By Mike Wheatley | September 15, 2014

Which side of the argument are you on? Do you believe that the real estate industry can continue in the same old business model and survive in the next decade? Or do you believe it's time for real estate industries to get with the times?


photo credit: Saint Huck via photopin cc

Here's the business model I'm talking about:

  • Brokerage opens its doors, sets up office space for agents.
  • Agents are recruited with differing split and services offers.
  • Marketing and training are provided to help agents succeed.
  • The better agents do, the better the brokerage does.
  • Agents have been lured in the past by franchises with big brand names.
  • Brand office leads and floor time have been highly valued.
  • Brokerages developed company web presence, leaving agents to their own devices.

I don't know where your opinion lies, but I believe the days of this business model are numbered, and coming to an end sooner than many might believe. It simply isn't consumer-friendly, and we no longer control listing information to the point that we don't need to care.

When the NAR did its technology survey, more than half of the agents stated that they wanted more in the way of technology help and services from their brokers. Floor time and brand-generated leads are fine, but not as important to them as in the past. In fact, many want no floor time at all. So, what's the answer? It's really a two part answer, one about the Internet, and the other about leveraging agent time and productivity.

Online Marketing

Let's talk about the Internet, websites, and how leads are generated. How is it done now, how do the big players seem to be addressing it, and what I believe is a better way for:
  • Agent recruitment and retention.
  • Assuring the success of agents.
  • Leveraging the local nature of real estate.

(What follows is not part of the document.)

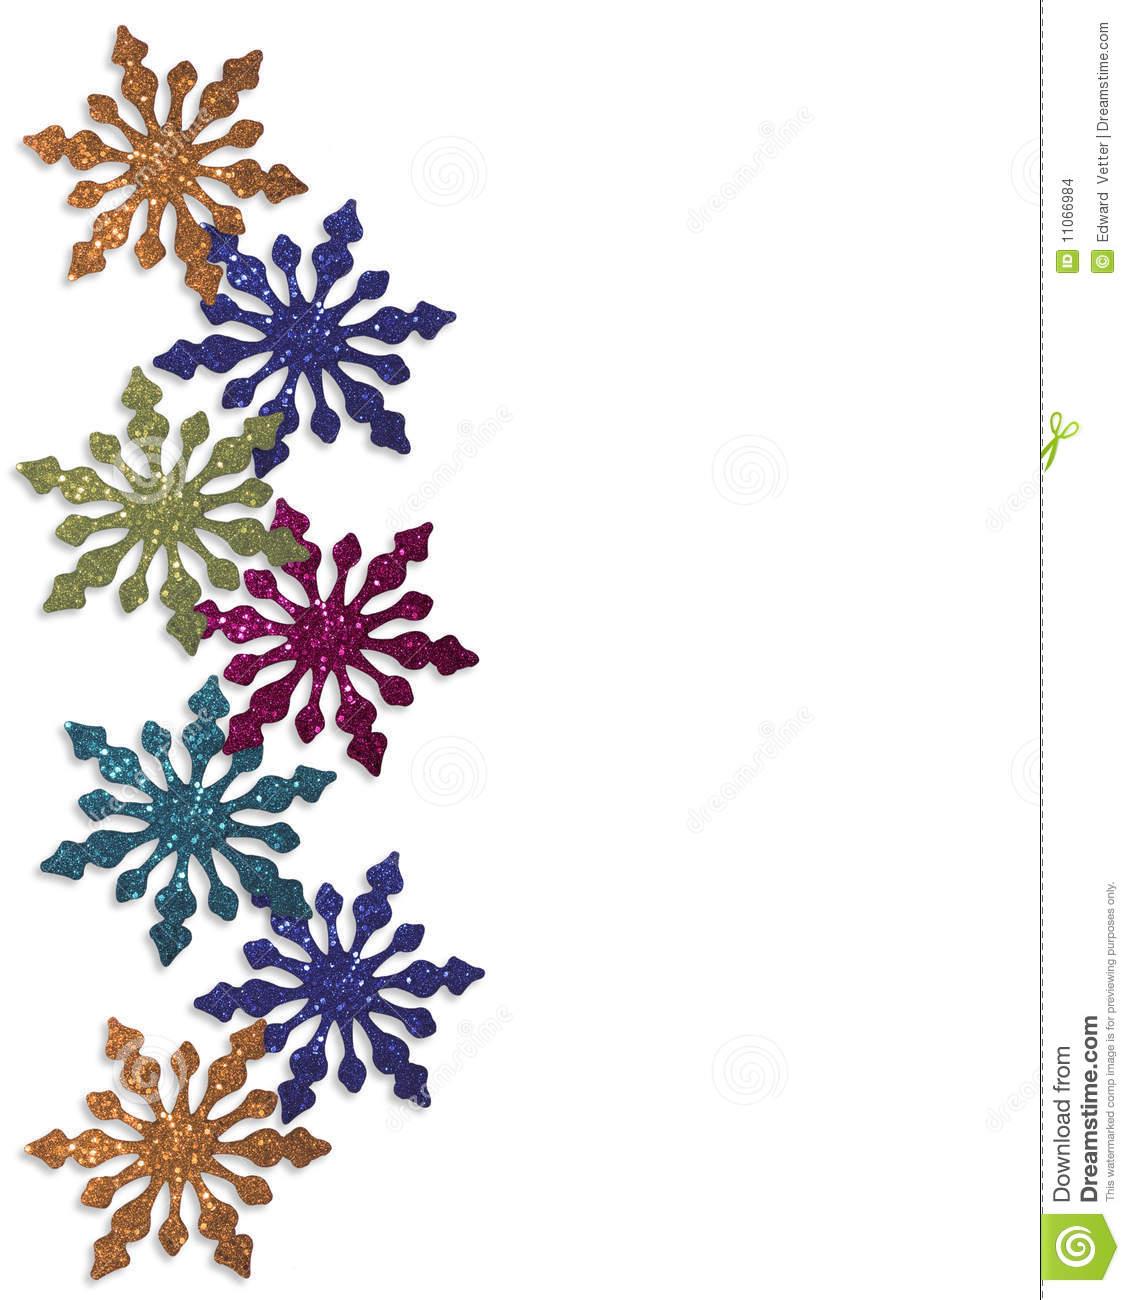 christmas snowflakes border - photo #10
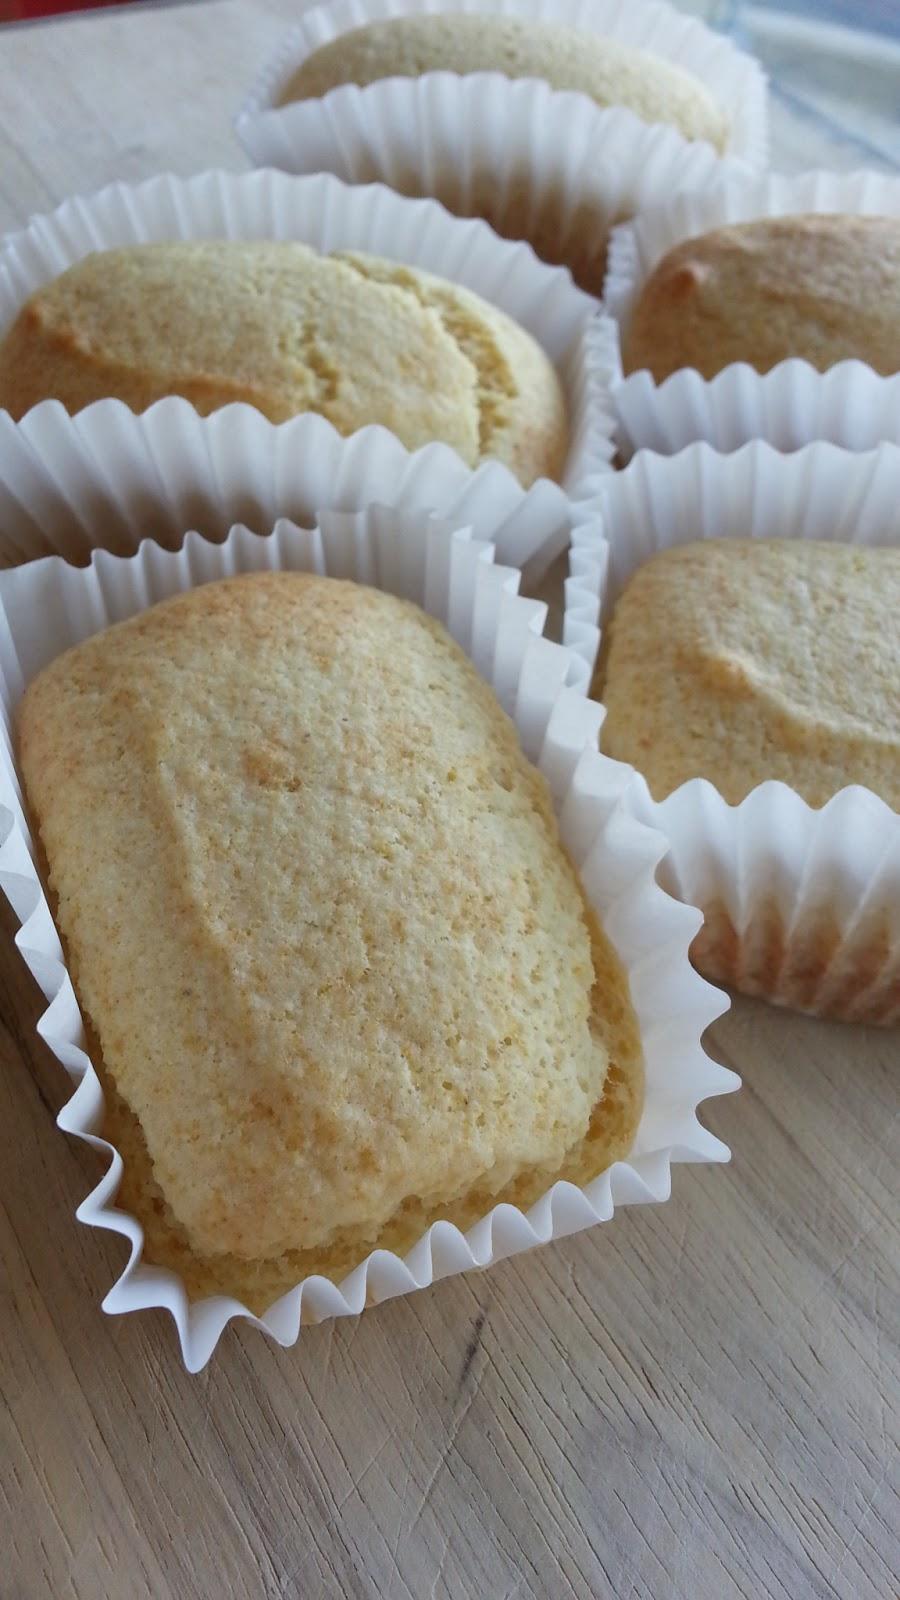 Pain Graines Chia Moule A Cake Mixe San Gluten Recette

"Real estate is local." How many times have you heard it, or said it? It isn't going to change, unless they find a way to move land. Then, we look at the Internet, and its global reach. How do these two factors influence each other, and how can we make them work together for success? The big player brokerages and franchises are furiously creating huge websites at corporate/franchise level. They are driving visitors to the site, and in a variety of ways generating leads that are passed down to the local offices, there divided again, and passed finally to an agent.

And, this strategy might work in the long term. However, the consumer who is searching the Web for local real estate information will have a lot to say about it. Will they get lost in the big sites? Will they get there first if there is not a lot of hyper-local content to catch their search? True, you can buy traffic with PPC, but the cost is high and the content on the landing page needs to be about the local area on which they searched. That is, it should be if you want them to stick around.

I see the most successful Internet real estate website lead generation to be less top-down, and a lot more broad-based. Whether with regular sites or blogs, the large brokerages and franchises need to create web presence at agent level in the local markets. They need to train agents and solicit their input of content for these sites.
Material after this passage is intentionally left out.